Those Dying Embers

Perhaps the reason it was dark so long this morning was because of the rain. It’s been wet all week. Low cloud and mist and everything in the garden looks waterlogged. The hydrangea lost the last of its leaves before Christmas and is a mass of sticks and grotesque salmon-pink heads. Even the siskins and finches on the feeder look damp. I can’t get my washing out and so there are two clothes horses mobbing the fire in the living room – trouser legs, tights, and towels obscuring my view of the flames. But I can hear the wind stirring the ashes, and the logs cracking, and occasionally the steel casing of the wood burner tick, not unlike a clock.

I have been washing clothes all week, and because I worry about having mildew in the old part of the house, I’m reluctant to remove the clean laundry to the bedroom, and have instead been folding it into piles and sitting it in the vicinity of the stove until it is as dry as tinder; there are piles on both armchairs and on the lamp table, so that the far side of the room has been taken over, commandeered, for purposes other than sitting and living, and this serves, even when I can’t see out a window, as a constant reminder of the rain. Frustratingly, I can’t take comfort in the fire because of the garments draped on the horses, but if I look at the armchair nearest the hearth, and at what remains, between piles of folded clothes, of the surface of the lamp table, I can see there reflected, on velvet and polished wood, flashes from the flames.

Wet outside, so that the ground can’t take a breath but drown! And in here, a dryness that chafes the lungs, but I prefer that, would prefer the sounds of crepitus to gurgling and choking on mud. It is better to draw the blinds and not look out there at all. That muddy patch of grass, the roots of the sycamore clogged in its own slick rot, the bloated branches in the hedge. But in here, so many items of clothing, turned inside out, the linings of the pockets wilted, and not enough light at the window, the sun – assuming there is one – diffused through bands of cloud so dense the sky is merely white, its gleam off the jigsaw pieces rendering the puzzle unworkable.

I could listen to my podcast, the philosophy one, with Jonathan and James – which one is the critic and which the professor, or is one the both, and then what is the other? The ownership of the voices blurred by similarities in class and station, but one slower and softer, belonging to the elder of the two, I suspect. I picture wise blue eyes. It was this guy – I don’t think he’d mind the indefinite allusion, or find it crude; he isn’t judgey; he has the great capacity for tolerance that the truly intellectual always have – it was he, who on the last episode was talking about concert pianists possessing a quality, an attitude perhaps, in regard to their calling that is akin to faith. He was saying something about them not getting up there for the applause, that isn’t why they do it, and that probably they would do it anyway, even if there was no audience, because their faith compels them, and when finally, after ninety minutes, the piece concludes, it is its own fulfilment. Or it was something like that at any rate. They sit up there, and they adjust their clothing, the suit jacket, the dress, and stare at the keys, foot ready on the pedal, as silence descends, and have faith that the entire concerto can be rustled up out of nowhere, that they can bring it alive in all its perfection, sweeping what was blank air out of its path, replacing it, second by second, with each right note.

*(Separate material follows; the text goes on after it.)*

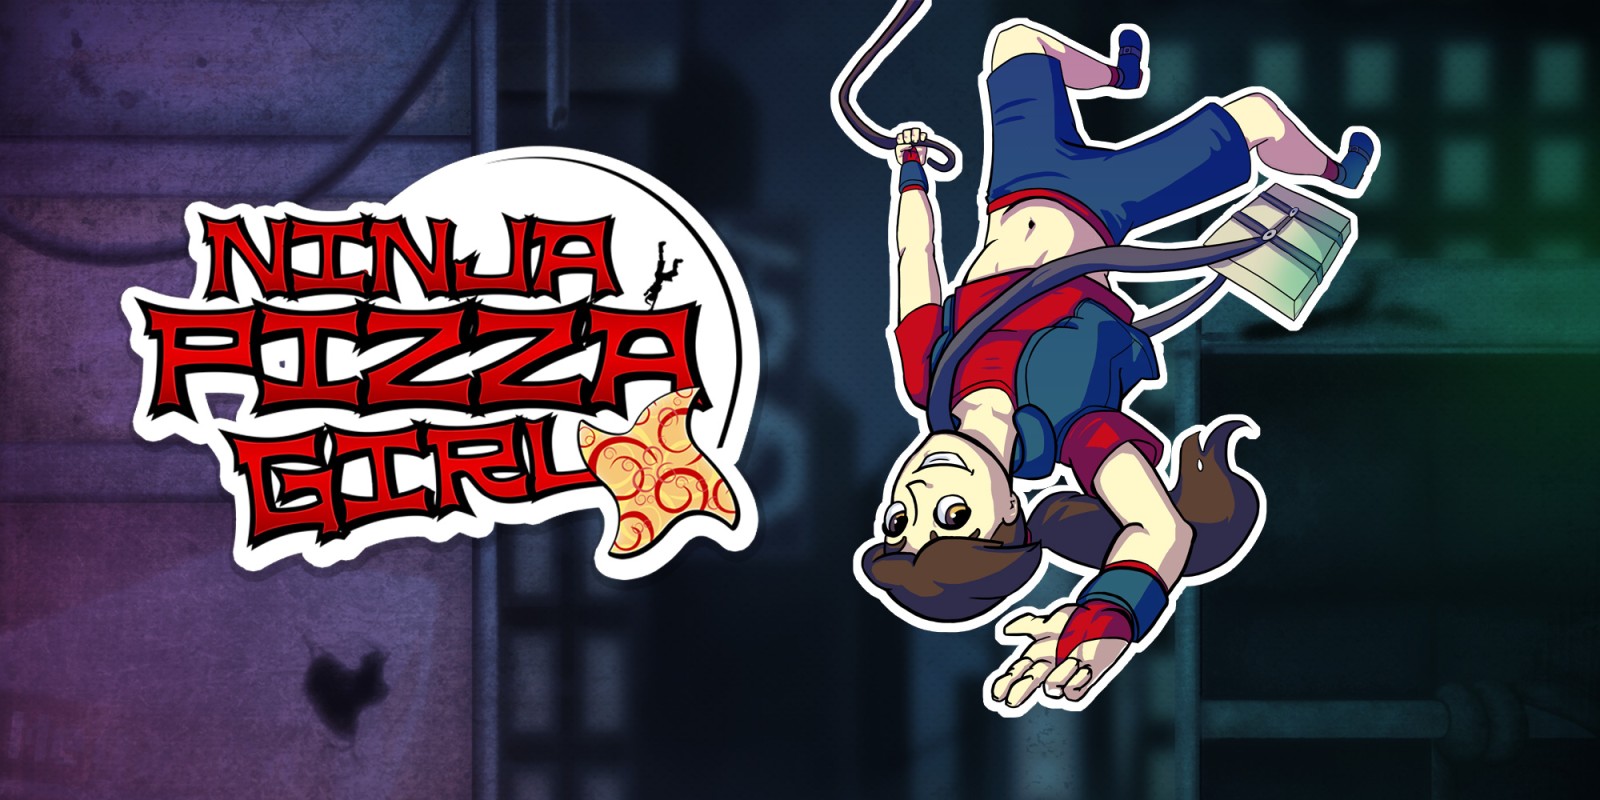 Ninja pizza girl 1 01

I squeeze between the laden clothes horses to tend the fire, and as always when I open the door of the wood burner and assess the embers and the burnt and unburnt sides of the logs, I hear my father-in-law’s voice in my head – the perfecter of fires – telling me to put another shovel of ovoids on there and not to let the thing go out.

Perhaps it is the pianist’s faith I’ve been missing these last years – the confidence that something can be rustled up, that it will elegantly find its form and space, something that can inhabit.

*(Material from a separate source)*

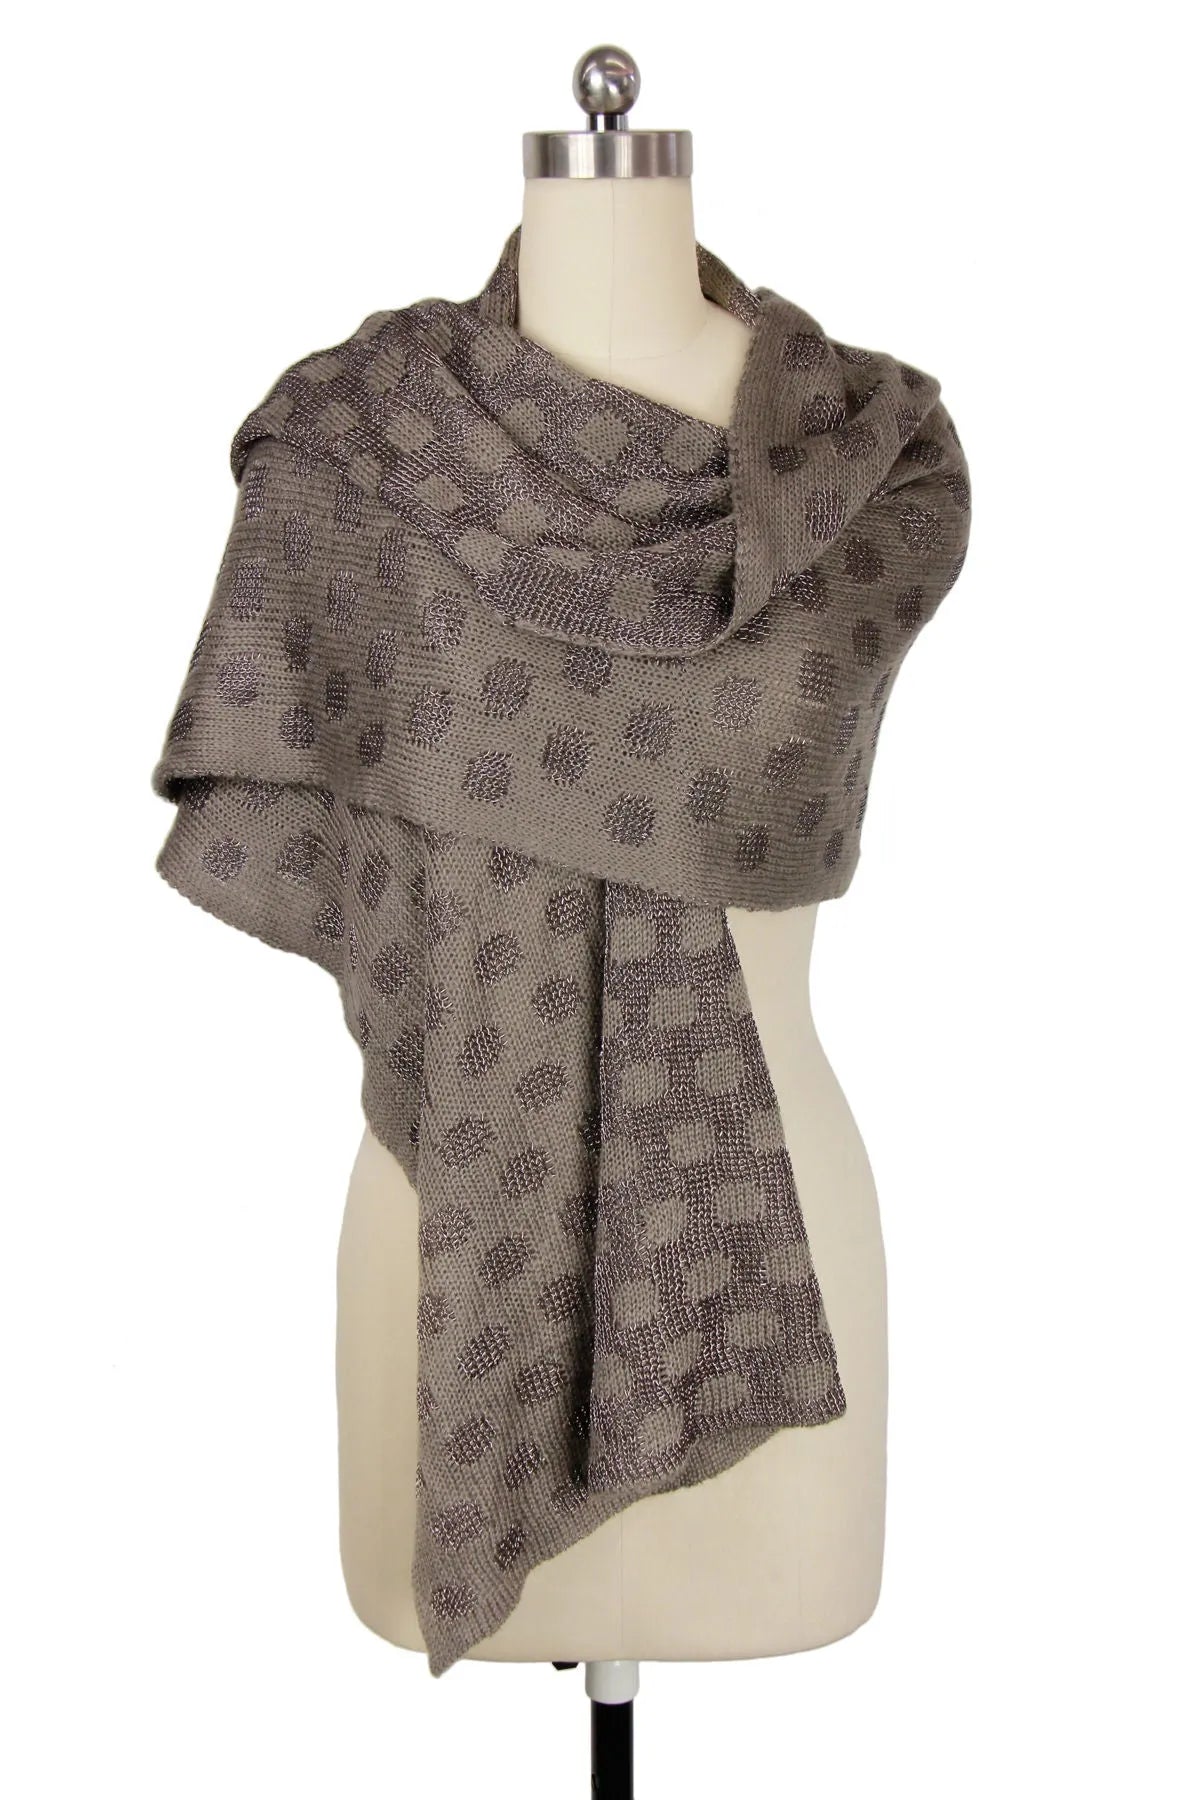 Louis Vuitton Mink Monogram Pattern Scarf - Grey Scarves and

The vents opened, wind thrums inside the casing – caught.

Some of this washing – the jeans and towels – has been two days at the stove and rigor mortis has set in but still something stops me from removing it from the horse, as though I can’t trust my fingertips. But it is a choice I make, this sitting here, swamped, the t-shirts and jumpers thatching the illusion of dank undergrowth, souring the space. Damp and dark, pervading the bones and the unopened notebooks on my desk.

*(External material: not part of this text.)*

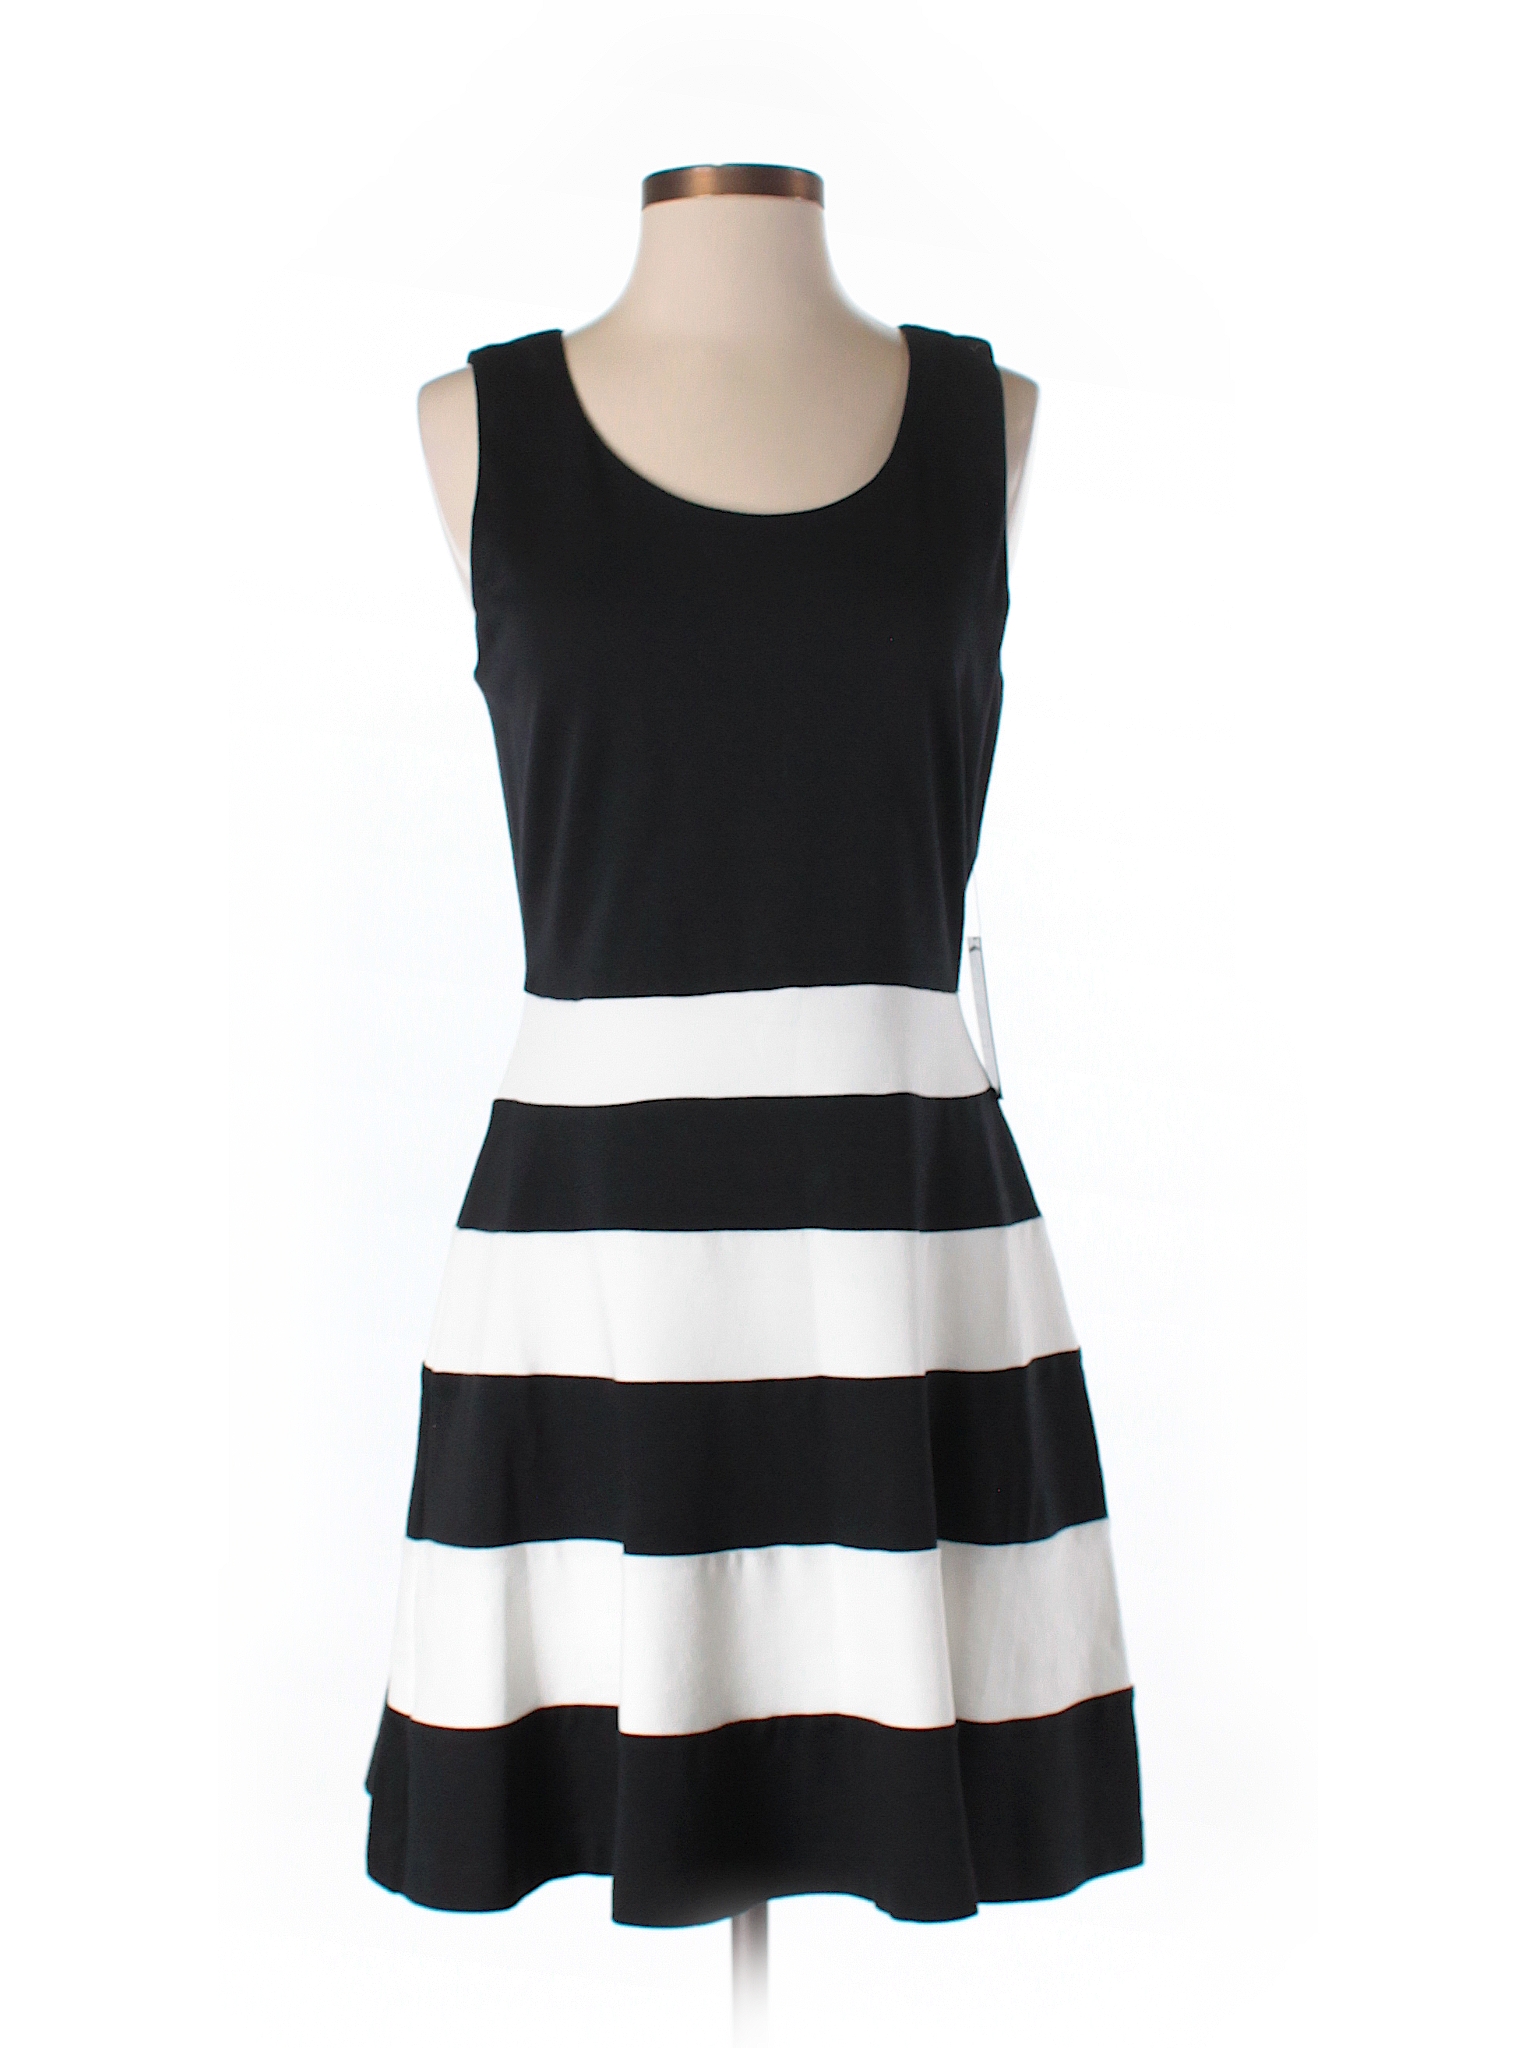 Express Stripes Black Casual Dress Size M - 70% off | thredUP

Can faith be returned once it is lost? It seems to me that the only route back (forward?) requires the doubt to be quelled. The negativity that swamps the thing must be willed away, turned on its head, the opposite embraced. And yet this feels to me, the doubter, like a doctor telling an insomniac that if they let go of the belief that sleep won’t come, it will come. Breathe deeply, count backwards, empty your mind. But if these stratagems succeed does it mean that the insomniac wasn’t a true insomniac?

I must have faith that the clouds will clear and the ground dry up. I must at least believe in the possibility. The podcast has tweaked a vent, and the embers stir.

Open the vent wider, don’t let the thing go out!